A key component of what made the culminating exercise unique was the presence of untrained troops. They simulated what the students could be asked to do as Senior Mountaineers in Iraq, Afghanistan, and beyond -- leading a force with little to no mountaineering experience through difficult mountainous terrain during a military operation.

"The fact that we're working with an untrained troop, there's a lot more that comes into play," one student said.

The students developed a day-long training program to familiarize the untrained Soldiers with the types of tasks they might have to complete during the mission, including proper knot tying, safely navigating a fixed line rope for moving up and down difficult terrain, and rappelling down the side of a cliff.

The culminating exercise itself began with a 5 a.m. infiltration at the base of Colorado's Ten Mile Range, west of Fort Carson.
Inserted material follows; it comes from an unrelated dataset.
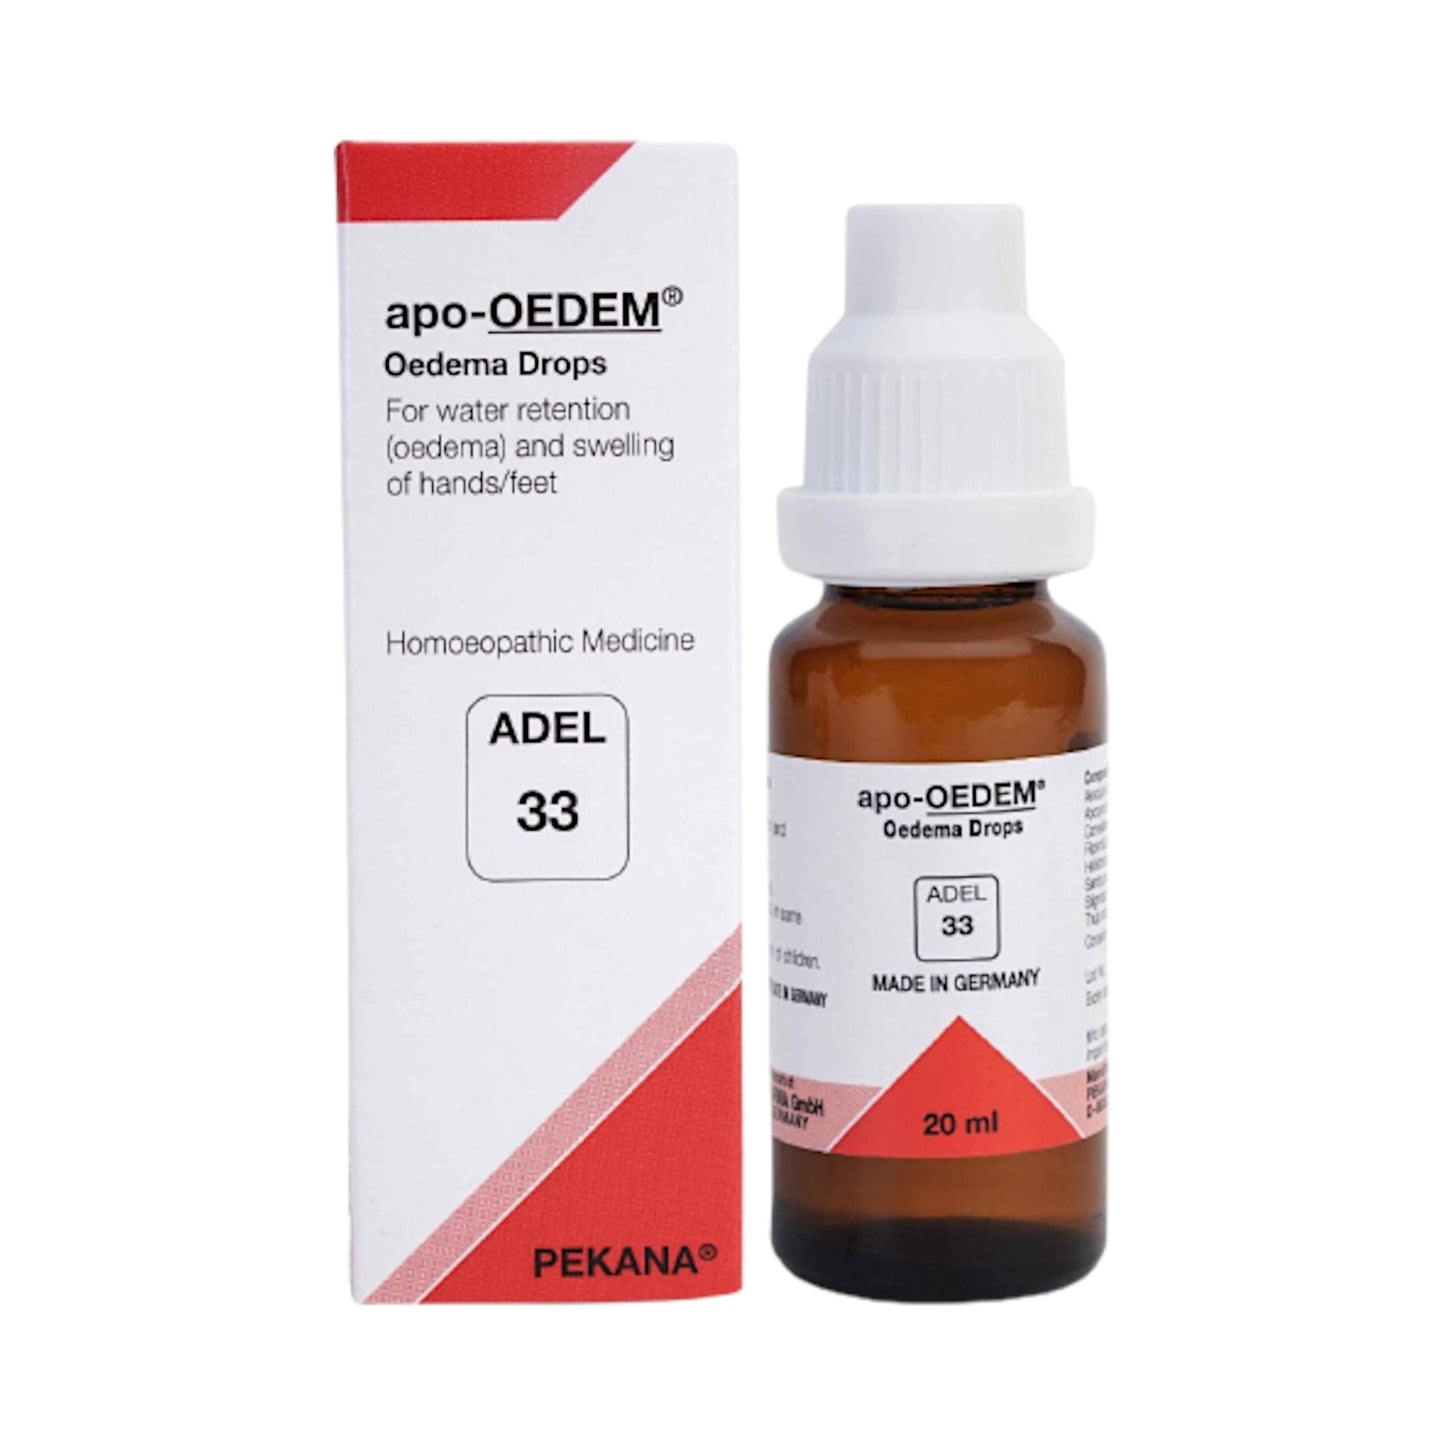 ADEL Germany Homeopathy - Adel33 Apo-OEDEM Drops 20 ml

From there, the element moved up the side of the mountain across rocky and unstable terrain until they reached a peak at nearly 13,600 feet.

After observing their target, the Soldiers called in a notional airstrike to destroy it, and then headed back down the opposite side.

During their movement to the exfiltration point, the element received word that a helicopter had crashed in their vicinity and that would need to recover the pilot -- another critical capability that Special Operations Forces provide.

By the time they finished for the evening, the students and their untrained force had climbed and traversed the difficult terrain for nearly 20 hours.

"Having these untrained troops in the CULEX has been paramount," one student said.

The successful completion of the exercise meant that all of the SMC students would graduate and become Senior Mountaineers before heading back to their ODAs. Now, these Soldiers qualified to safely and quickly lead their teams through any mountain mission.

"Now, we expect them to teach and lead," one instructor said. "They leave the school with not just the mountaineering skills, but also the skills to lead untrained troops on missions that run the full range of unconventional warfare, counter-insurgency, foreign internal defense, and they're going to be able to explain to the commander the abilities and limitations of that element in a mountain environment."